Putting q=\exp(-b), we transform the first constraint in

\displaystyle{ \exp(1-a)\sum_{i=0}^{p-1} q^i=1 }

thus the second one amounts to

\displaystyle{ \sum_{i=0}^{p-1}iq^i=\frac{p-1}{3}\sum q^i. }

Here the LHS equals

\displaystyle{ \frac{((p-1)q-p)q^p+q}{(q-1)^2}. }

Thus the equation to solve is

\displaystyle{ ((p-1)q-p)q^p+q=\frac{(p-1)(q-1)}{3}(q^p-1), }

in other words

\displaystyle{ 2(p-1)q^{p+1}-(2p+1)q^p+3q+(p-1)q=(p-1). }

It clearly imposes that as p\rightarrow\infty, we must have q\rightarrow 1, for if it remains bounded away from 1, the left-hand side is asymptotic to (p-1)q, which is not asymptotic to p-1, the right-hand side.

We now rearrange the equation as

\displaystyle{ p(q+2q^{p+1}-2q^p)-2q^{p+1}-q^p+2q=p-1 }

that is

\displaystyle{ p(q-1)(1+2q^p)=2q^{p+1}+q^p-2q-1=(q^p-1)(2q+1). }

Let us introduce \epsilon=1-q\rightarrow 0 and determine the behaviour of p\epsilon, or equivalently of q^p. One can prove by contradiction that p\epsilon cannot tend to 0. Indeed, supposing it did, one could write

\displaystyle{ q^p=\exp(p\log(1-\epsilon))=\exp(-p\epsilon)\exp(O(p\epsilon^2)) =1-p\epsilon+(p\epsilon)^2/2+o(p\epsilon)^2. }


\displaystyle{ -p\epsilon(3-2p\epsilon+(p\epsilon)^2+o(p\epsilon)^2)=(-p\epsilon+(p\epsilon)^2/2+o(p\epsilon)^2)(3-2\epsilon) }

and comparing the term in (p\epsilon)^2 we see an absurdity.
It can’t either tend to \infty.
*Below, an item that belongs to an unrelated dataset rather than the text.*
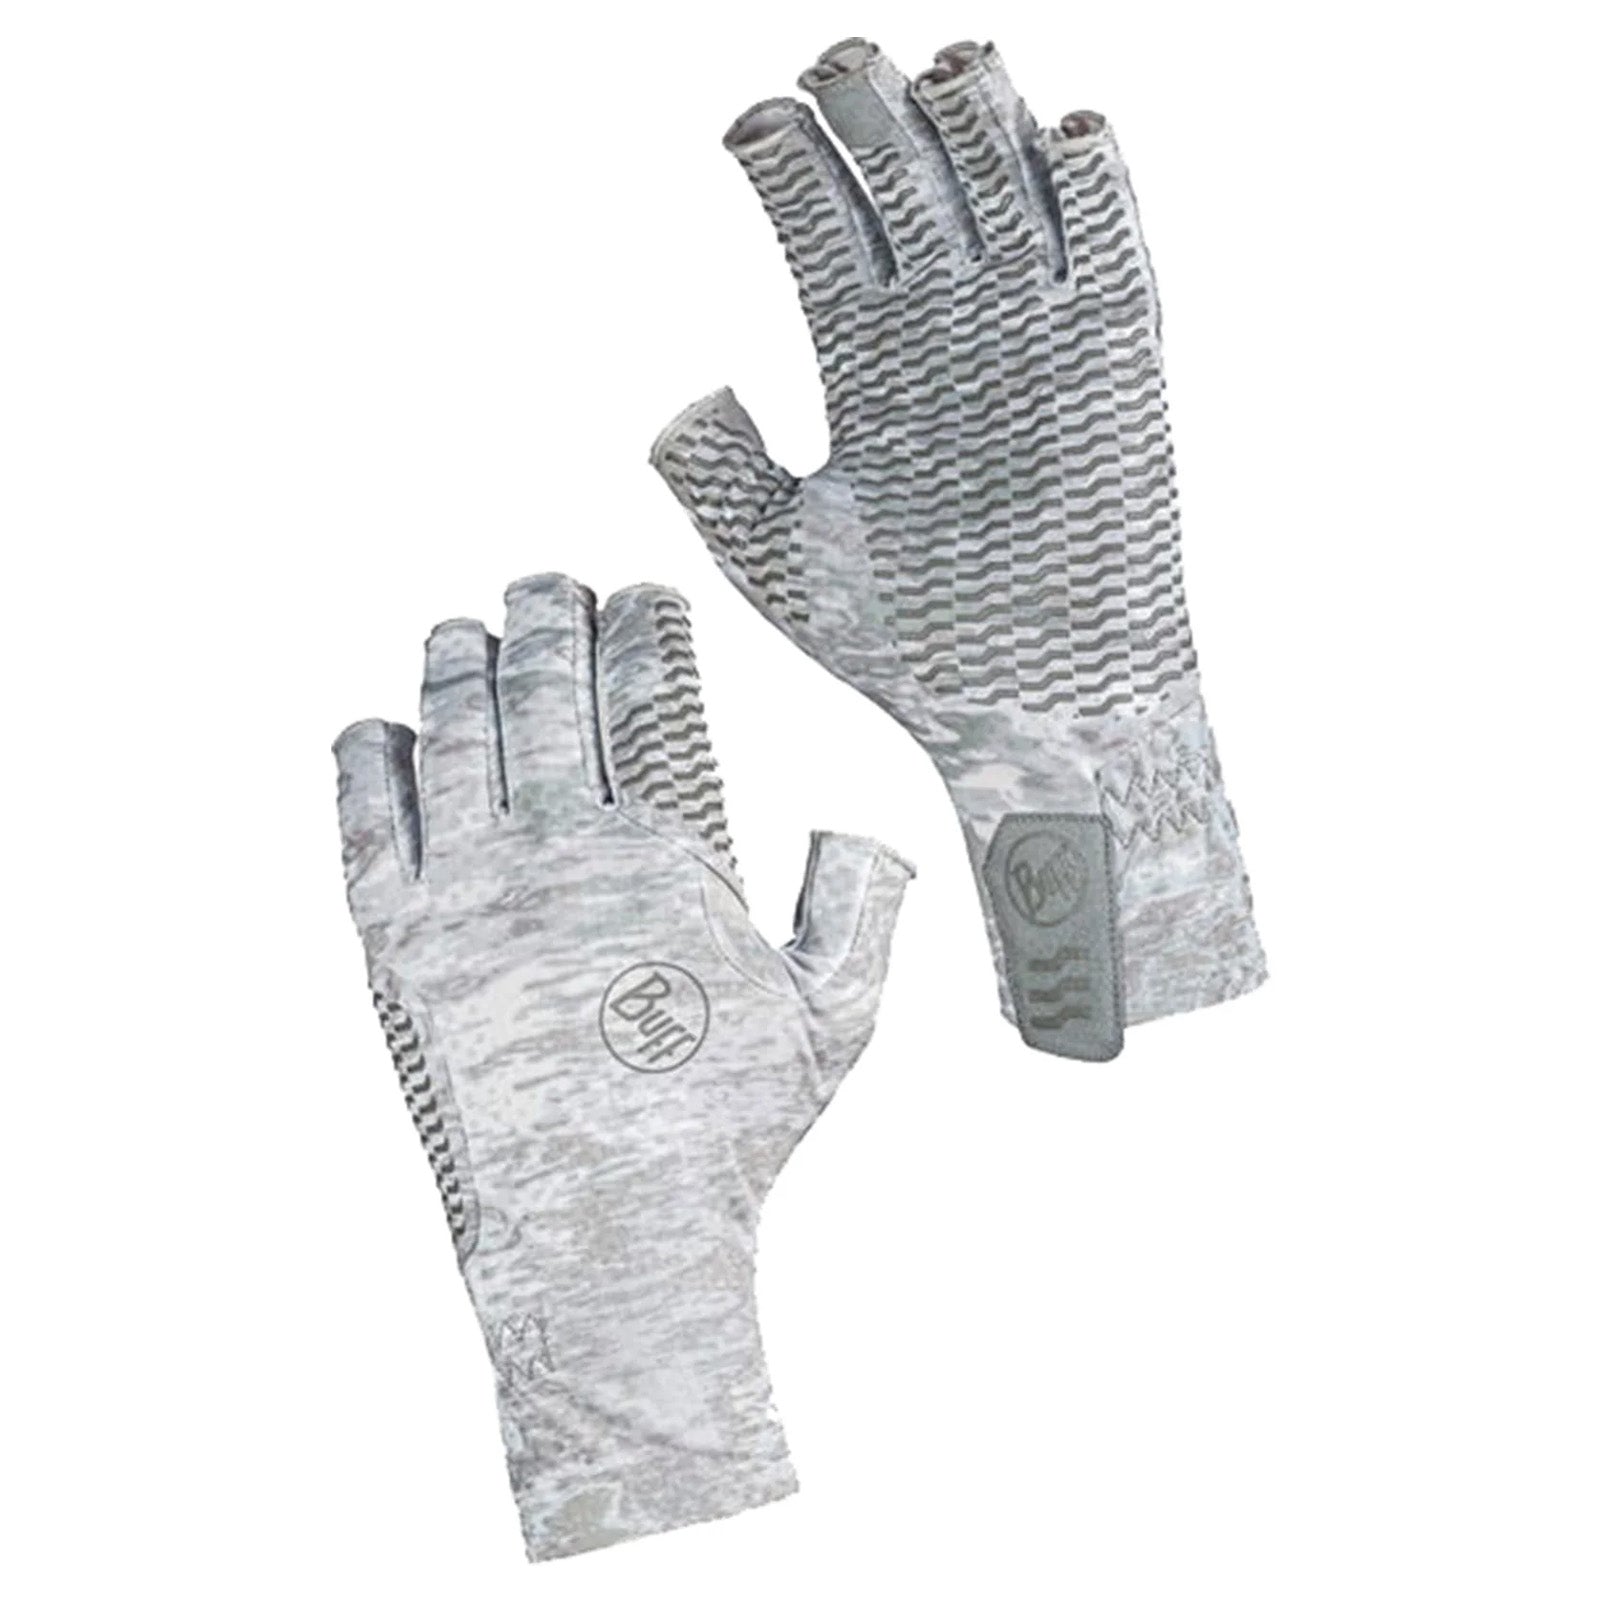 
Buff Aqua Adult Gloves 
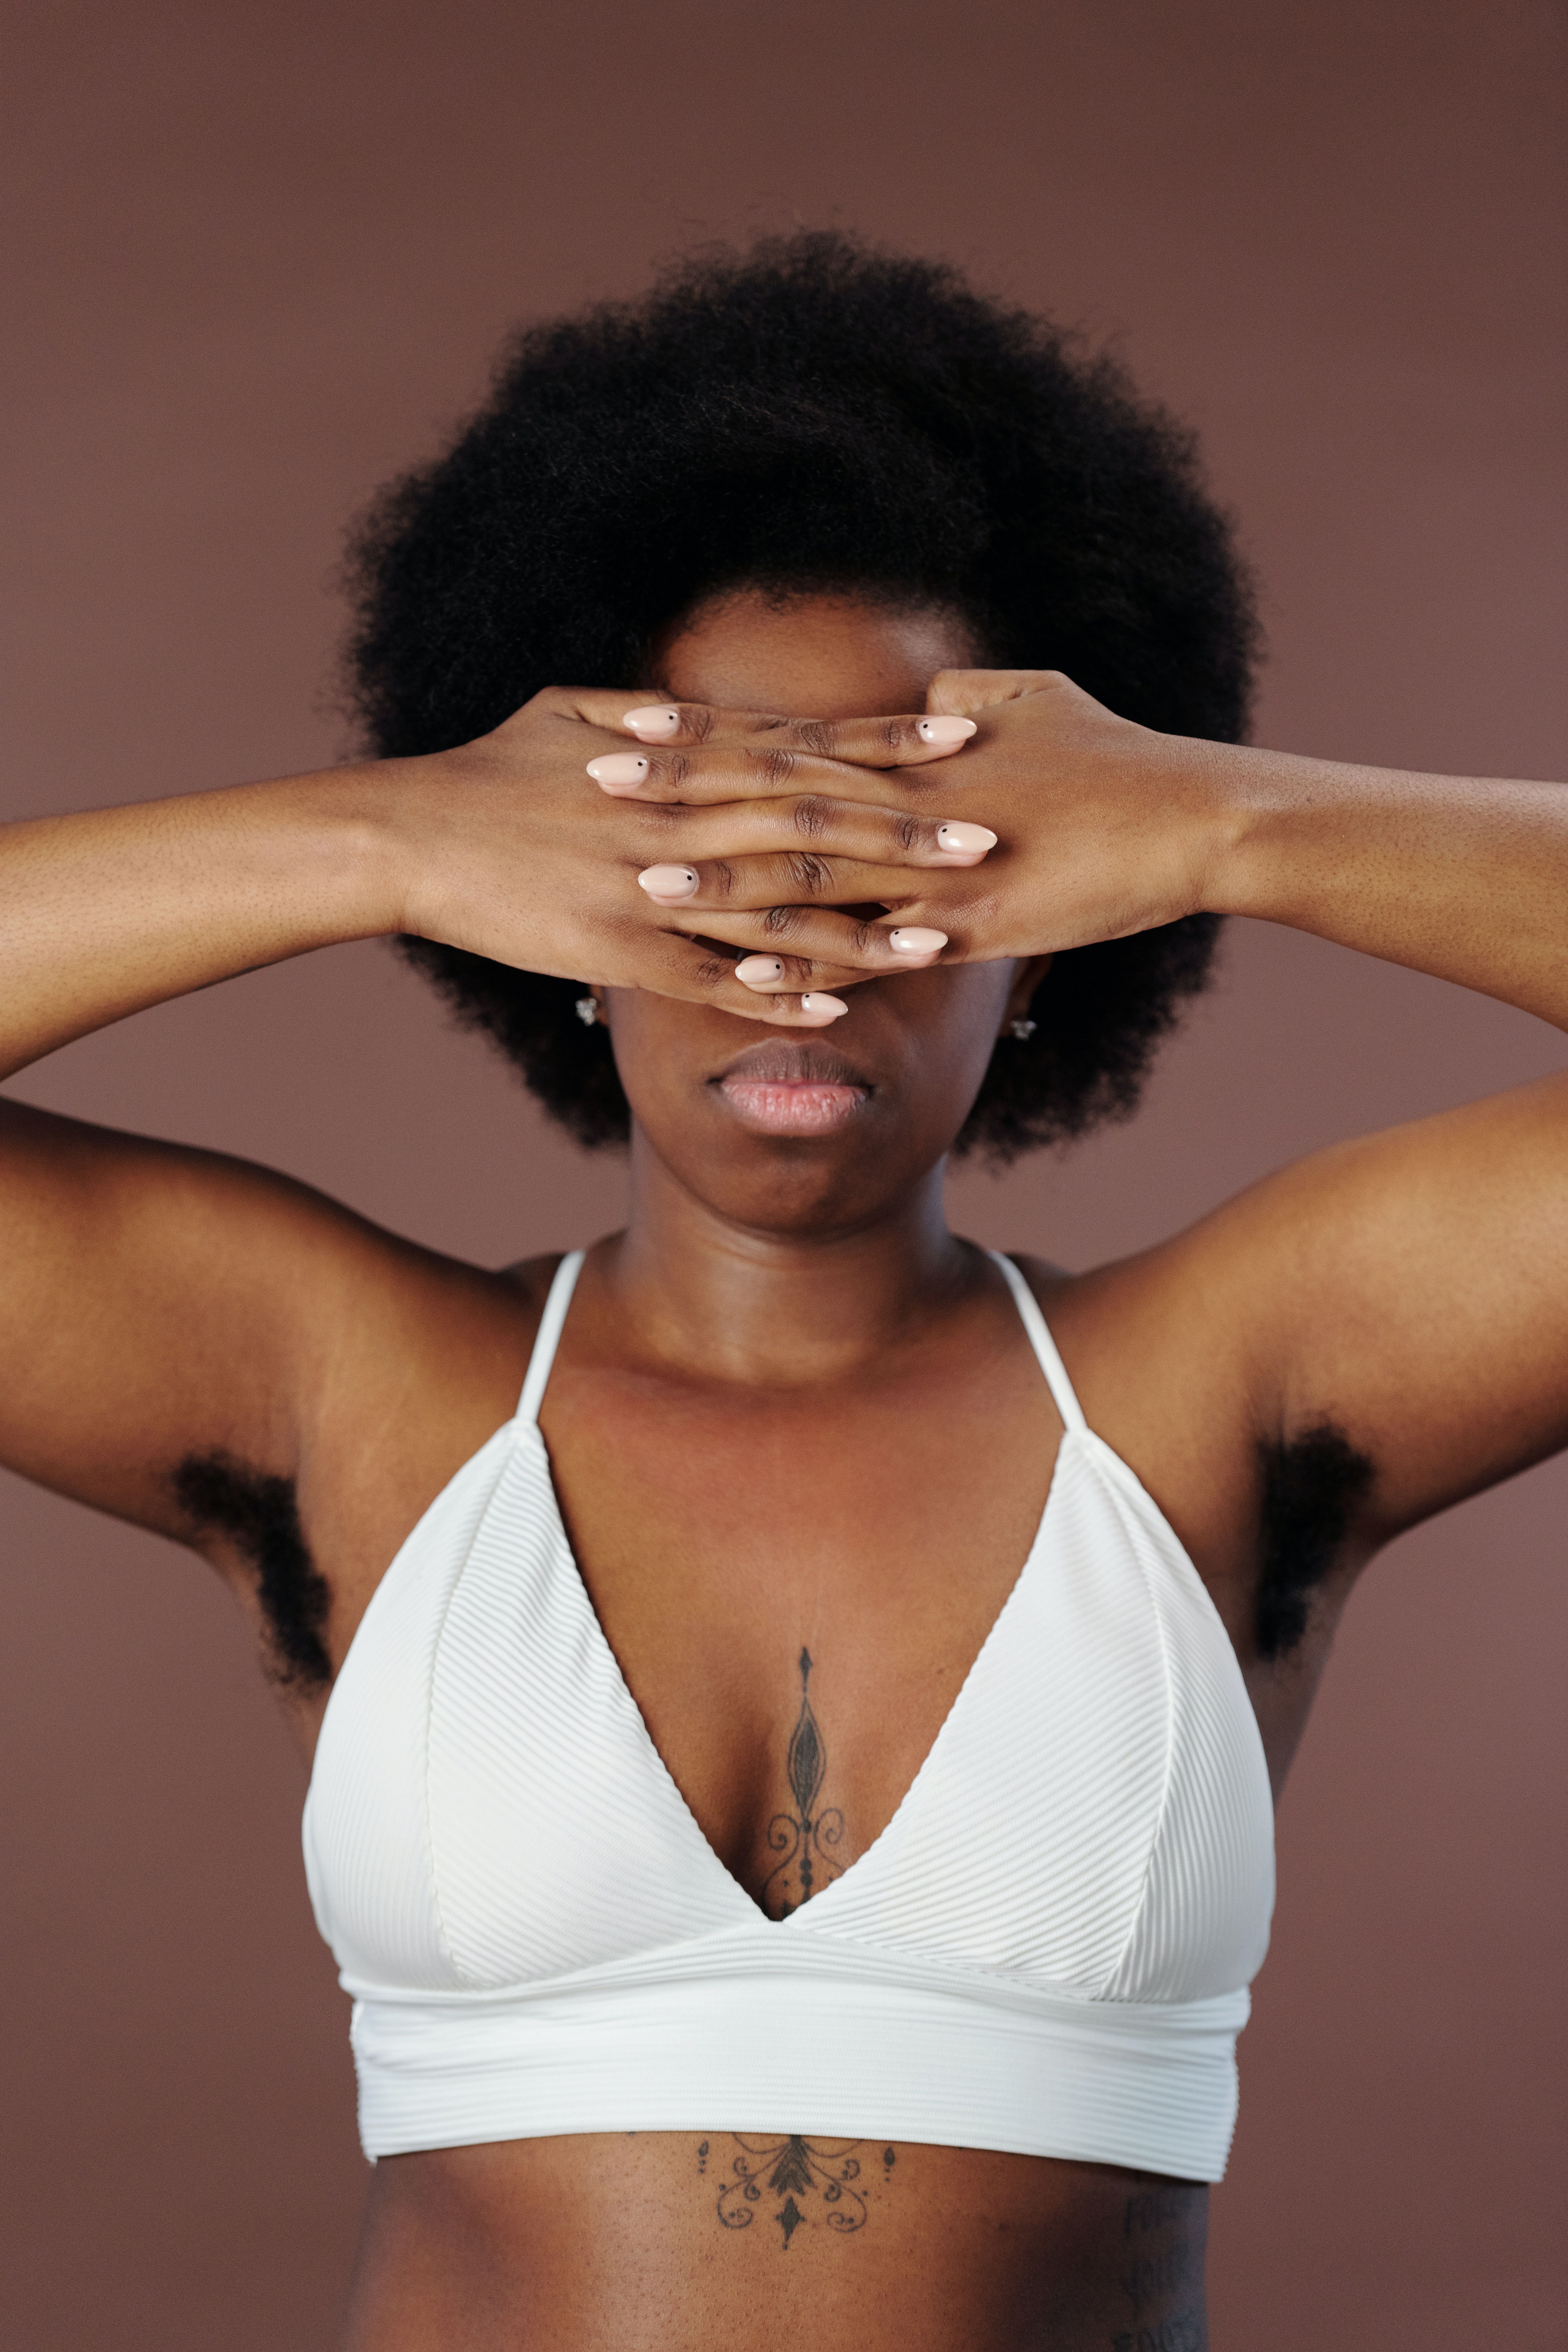 Une femme noire avec un crop blanc et un tatouage inter-seins se cache les yeux avec les mains et laisse entrevoir des aisselles poilues.

If it has a limit point \alpha, it has to be a solution to

\displaystyle{ -\alpha(1+2\exp(-\alpha))=3(\exp(-\alpha)-1). }


The computer declares that the solution to this equations equals 2.149125799907062 (which is very close, fortunately enough, to values observed for p(1-q) for large p). Thus q^p tends to \exp(-\alpha)\approx 0.11.

Injecting the expression for the \alpha_i in terms of a,b,  the optimum is

\sum_k(a+kb-1)\exp(1-a-kb) = \exp(1-a)\left((a-1)\sum q^k+b\sum kq^k\right)

which we can equate, remembering earlier formulae, to
So let us derive an asymptotic expression for a and b. We quickly obtain a=\log p+\log\frac{1-\exp(-\alpha)}{\alpha}+1+o(1), b=\alpha/p+o(1/p).
So the maximum we are after equals

\displaystyle{c_p= \log p+\log\frac{1-\exp(-\alpha)}{\alpha}+\alpha/3+o(1) }

This implies that

\displaystyle{\frac{\exp(c_p)}{p}= \frac{1-\exp(-\alpha)}{\alpha}\exp(\alpha/3). }

Injecting the value we found for \alpha, the computer spits out 0.84, as guessed.